Recensioni di classe 26

Recensioni di classe al valido film di Nanni Moretti: Tre piani, al discutibile The Outpost sulla occupazione imperialista dell’Afghanistan, alla serie televisiva statunitense Euphoria – ricca di contraddizioni – alla serie Fleabag, decisamente sopravvalutata, e al pessimo film Lezioni di persiano.


Recensioni di classe 26

Tre piani di Nanni Moretti, drammatico, Italia 2021, al cinema 01 Distribution, voto: 7-; film indubbiamente ben realizzato, godibile, con dialoghi intelligenti e personaggi piuttosto realistici. Peccato che il film sia un po’ debole dal punto di vista dei contenuti sostanziali. I drammi, anche ben affrontati, riguardano sostanzialmente soltanto il piano etico immediato e naturale della famiglia. Mentre Tre piani non è in grado di dirci nulla di significativo sui piani etici più elevati del mondo economico e sociale e dei conflitti di classe.

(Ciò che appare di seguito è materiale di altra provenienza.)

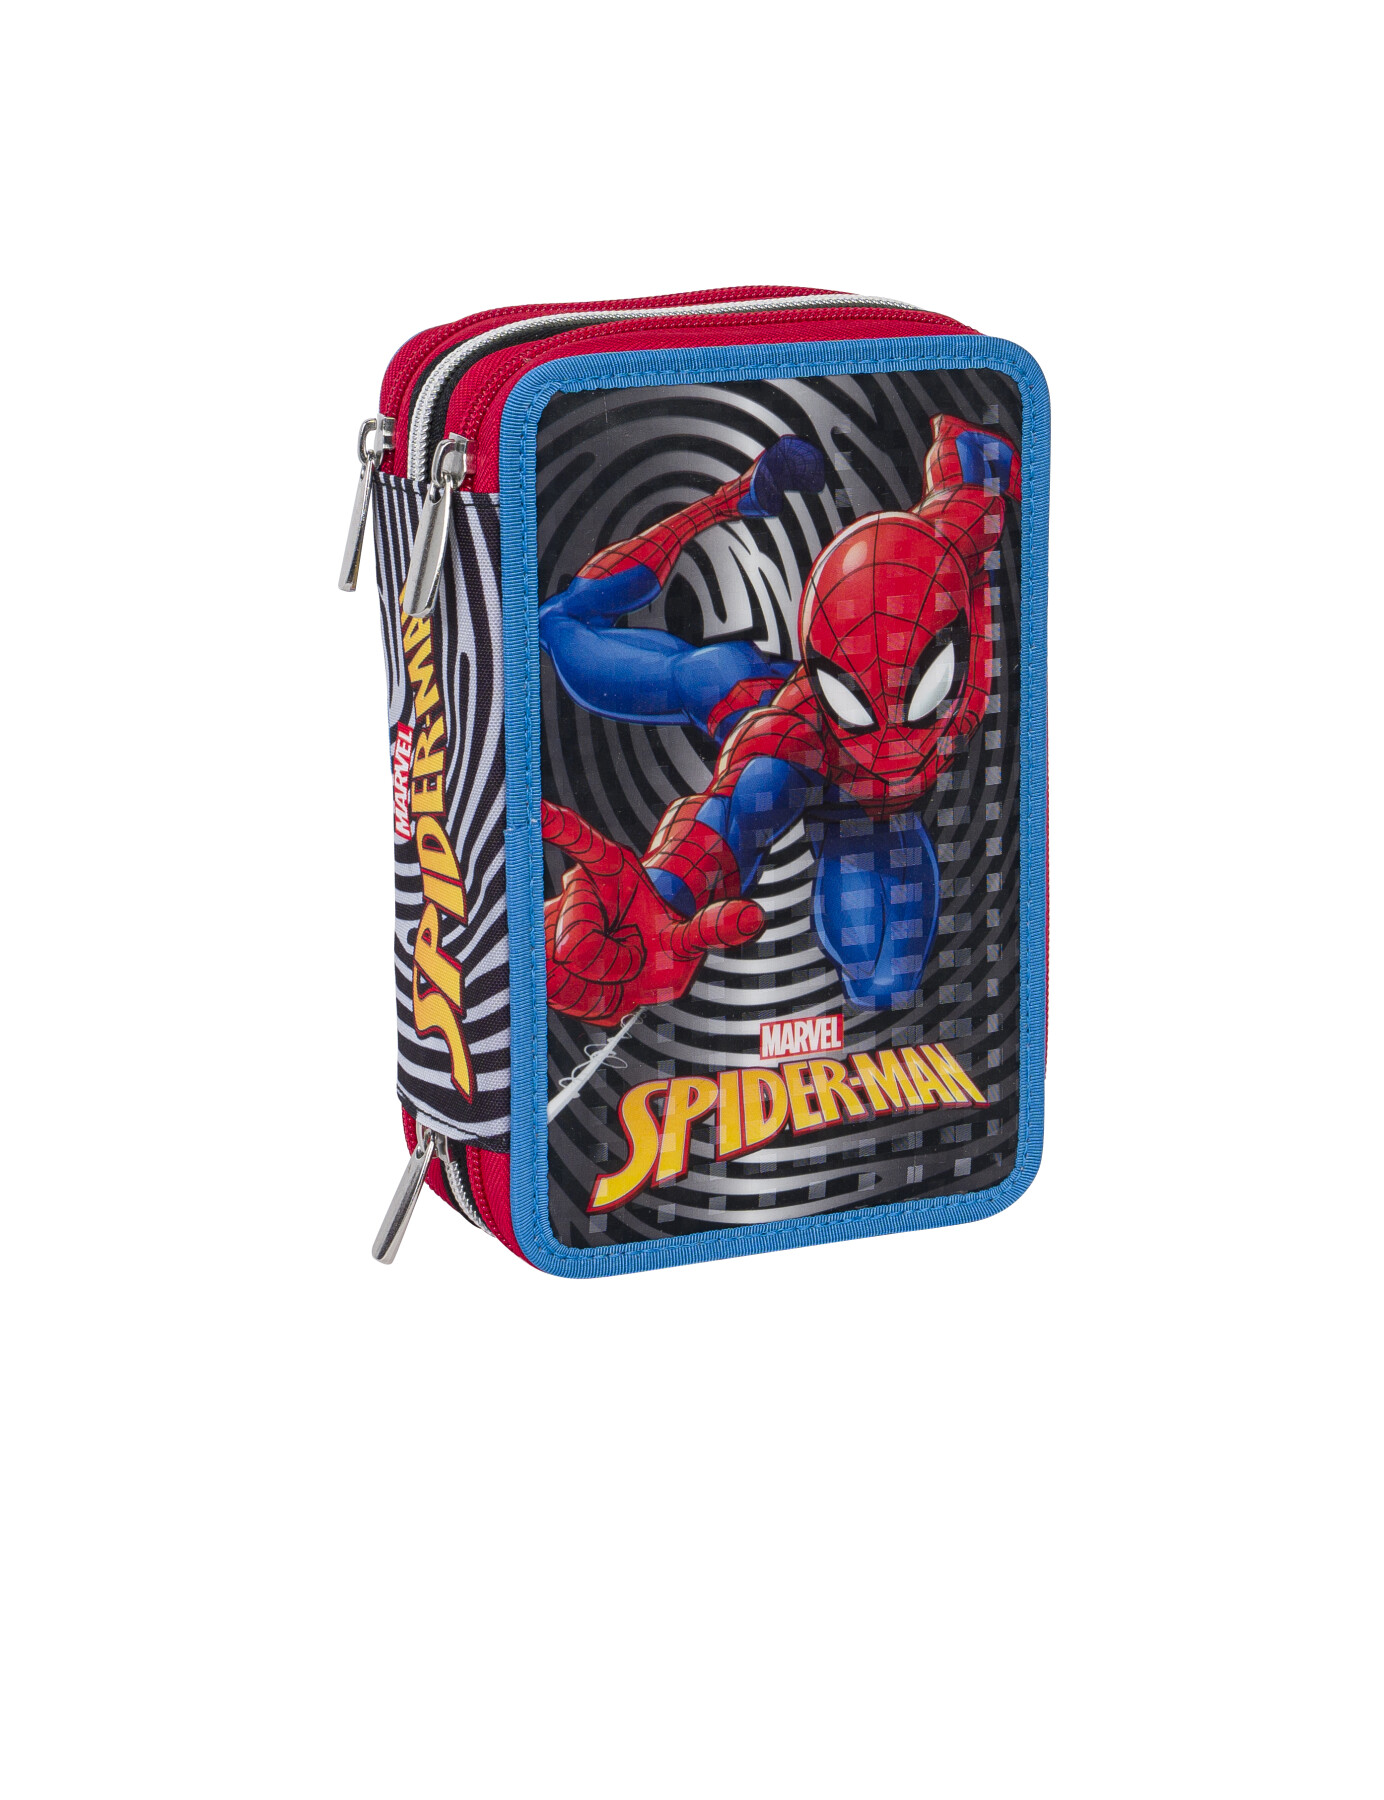 Astuccio 3zip Spiderman - Solletico Giocattoli

The Outpost di Rod Lurie, drammatico, Usa 2019, voto 6+; per essere un film statunitense sull’occupazione imperialista dell’Afghanistan, basato su un fatto realmente accaduto, il film mantiene una sana attitudine realistica di fondo. Si comprende subito la completa inettitudine dei comandi statunitensi che inviano soldati a morire per difendere avamposti indifendibili. Inoltre emerge tutta la brutalità della guerra, per quanto il regista è naturalmente embedded e racconta esclusivamente la vicenda dal punto di vista fascistoide delle forze di occupazione a stelle e strisce

Euphoria è una serie televisiva statunitense creata e scritta da Sam Levinson e distribuita in Italia da Sky Atlantic in otto episodi e due special, voto: 6; la serie rappresenta in modo molto diretto e crudo la vita travagliata di un gruppo di adolescenti statunitensi. La serie affronta in maniera aperta le problematiche della droga e del sesso fra gli adolescenti, senza però un reale approfondimento dal punto di vista economico e sociale.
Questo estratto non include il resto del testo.